The cost of our proposed navigation templates is about $50 per segment, which is much cheaper than standard navigation system. The accuracy of screw placement of our navigation templates and standard navigation system are both higher than conventional methods like free-hand and two-dimensional image guide. The intraoperative use of standard navigation system significantly reduces the screw malposition rate. According to a peer-review report [Citation32], about 52–73% surgeons refused to use standard navigation system, they prefer conventional methods. Compared with our navigation template, the standard navigation system has some defects. First of all, the learning curve of using our techniques is much shorter than navigation system. Second, the use of navigation system increased the intraoperative time, the surgeon needs to match the spinal position with CT image reconstruction. Finally, if relative position of the adjacent vertebrae has been moved, it may influence the accuracy of screw placement. These factors restrict the use of standard navigation system and our proposed navigation templates are worth promoting.

Although we designed four different types of navigation templates, this technique had some limitations. First, the workflow of template construction was complicated.
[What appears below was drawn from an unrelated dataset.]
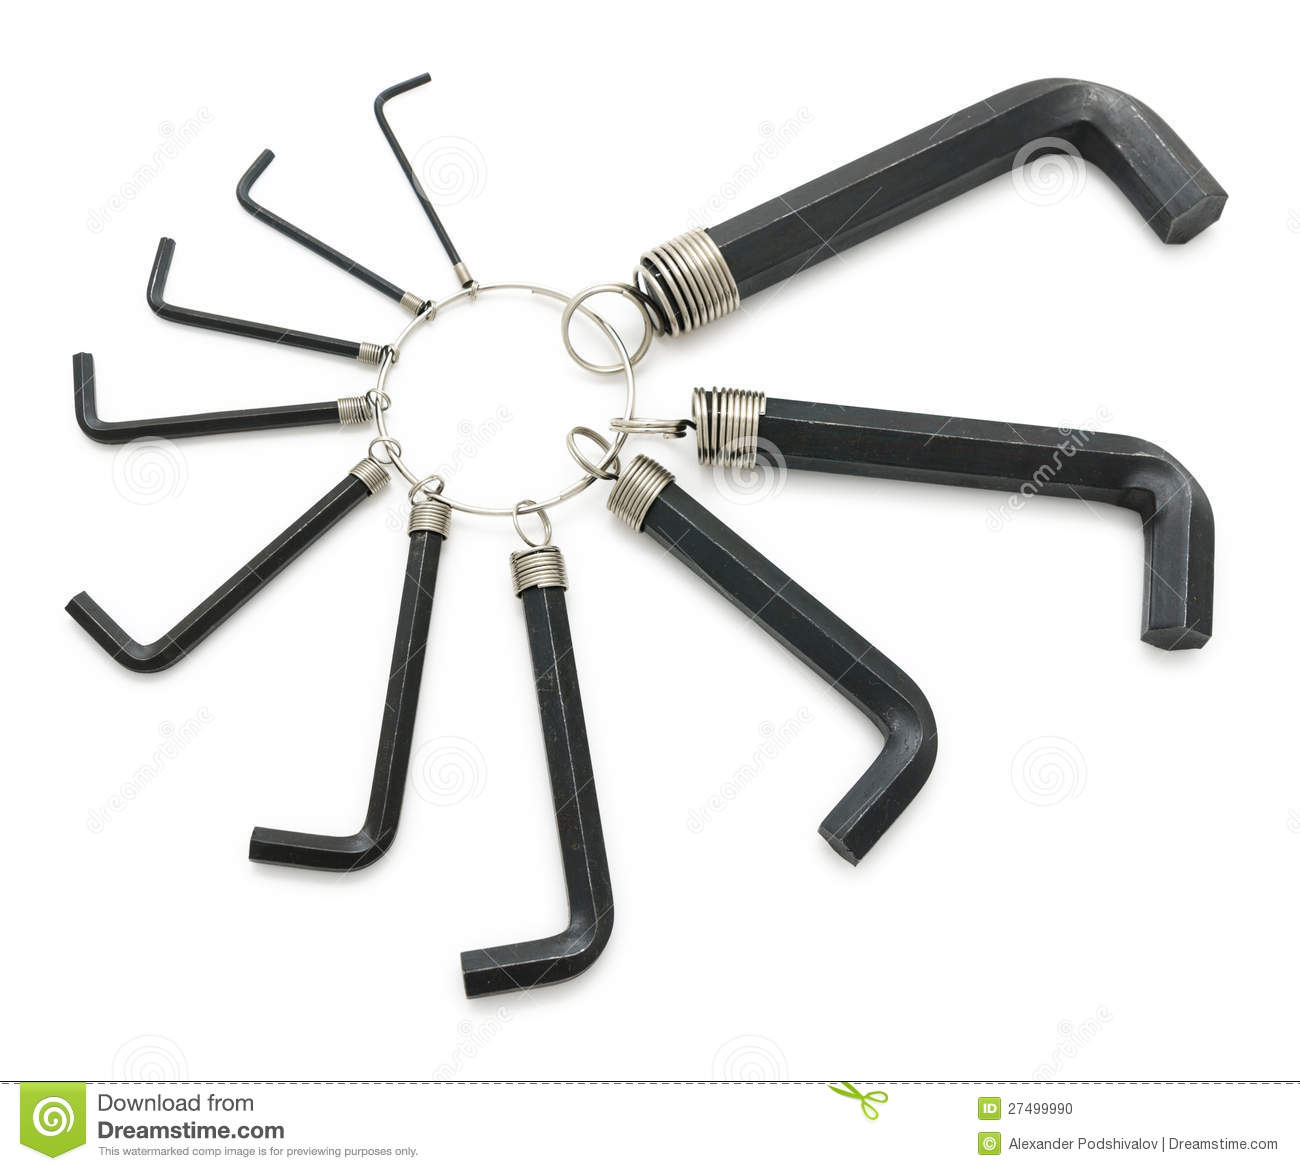 Hex Nut Wrenches Stock Photo   Image  27499990
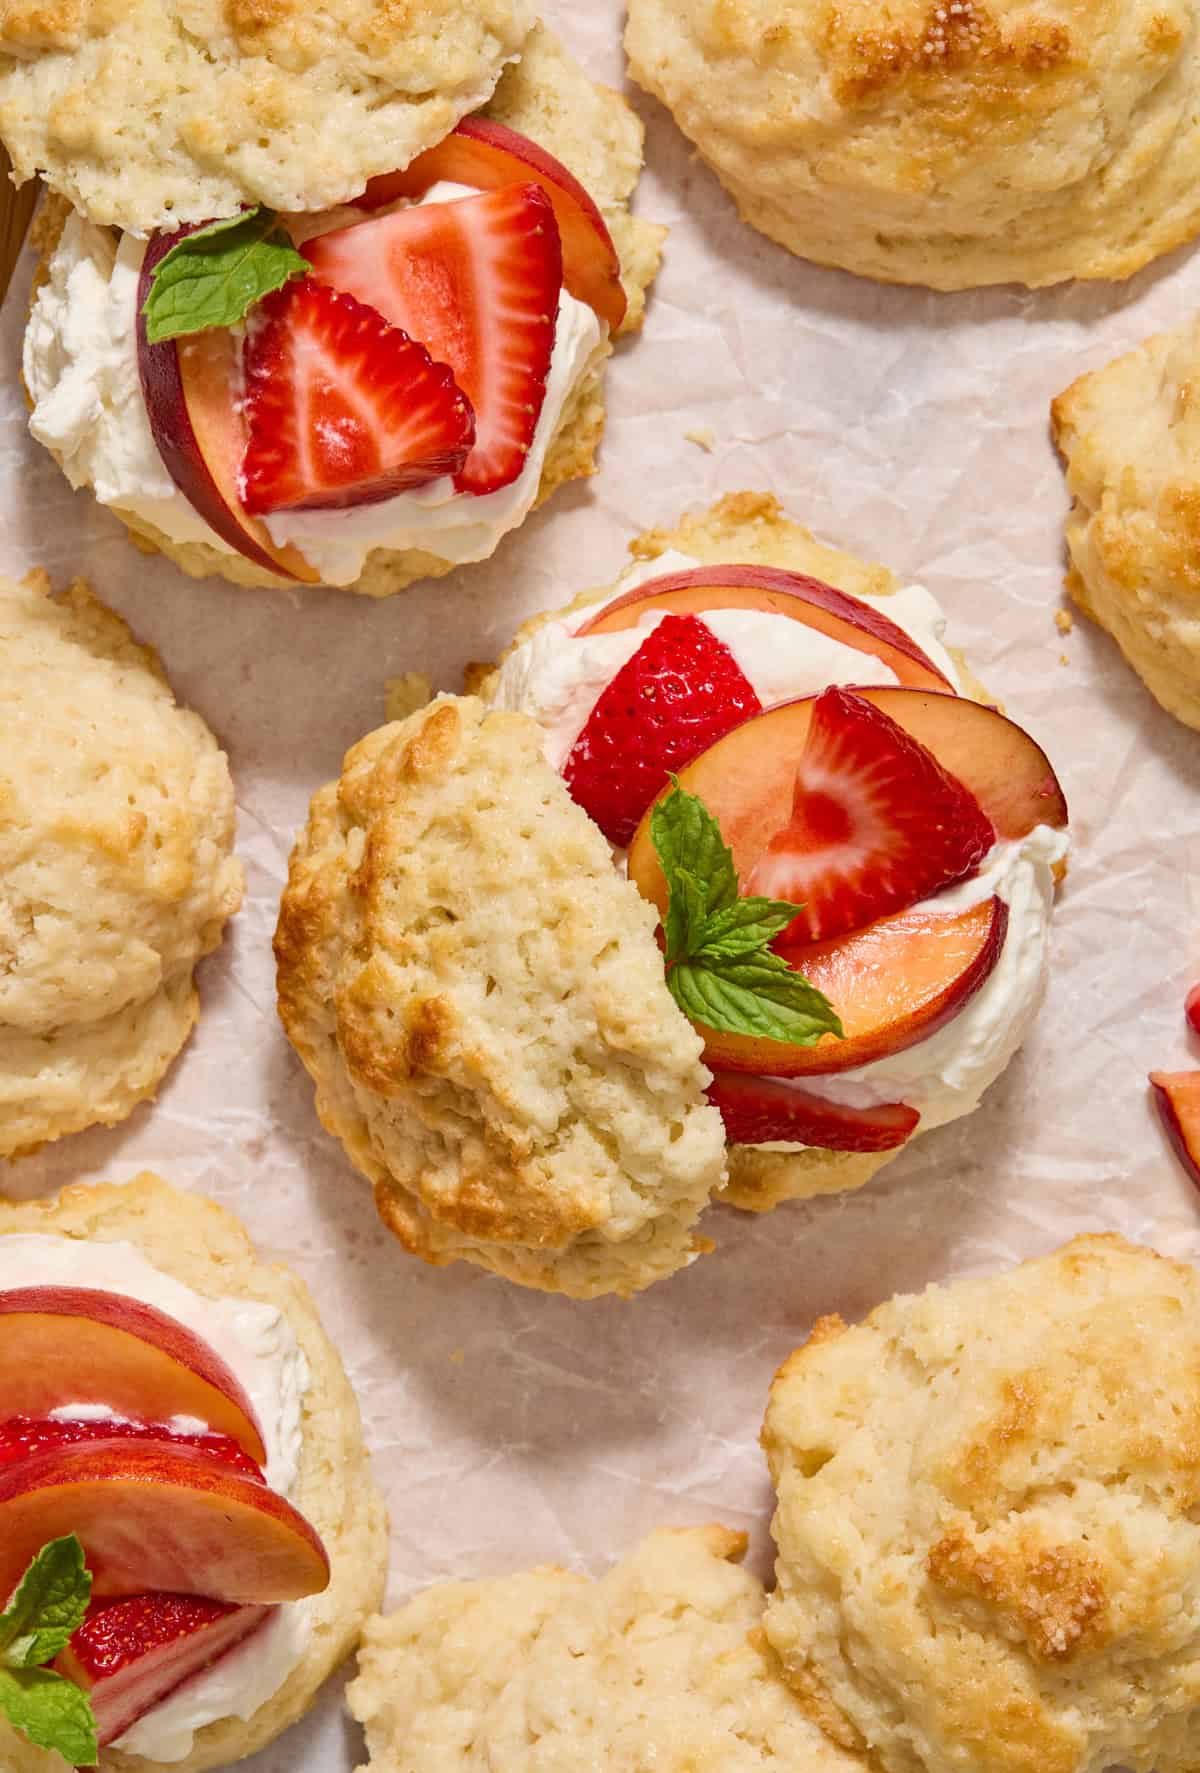 Overhead view of strawberry peach shortcakes with buttermilk biscuit tops propped to the side to show fruit and mint leaves on whipped cream.

The design and fabrication of a template is time-consuming and requires 1–7 days [Citation10,Citation13,Citation16,Citation18], so it cannot be used in emergency surgery. Second, this technique requires complete clearance of posterior parts of the vertebrae, including muscles and fat tissues, which may cause damage to the patient. Third, the surgeons need to be proficient in the related software and surgical skills, which requires a long learning curve. Given these limitations, this technique needs to be urgently improved in the near future.

Conclusion

This study compared the accuracy of four different types of navigation templates and demonstrated that except the two-level navigation template, the other three types of navigation templates achieved a high accuracy in assisting cervical pedicle screw placement. They all showed a higher accuracy than the no template group. Besides, the operation time was shortened and fluoroscopy was avoided during the surgery. However, it is always very challenging to translate cadaveric studies to clinical practice, so the one-level bilateral, unilateral and point-contact navigation templates designed by us need further verification of their accuracy and safety.

Disclosure statement

No potential conflict of interest was reported by the authors.

Additional information

Funding

This study was supported by the National Natural Science Foundation of China [No. 81771349].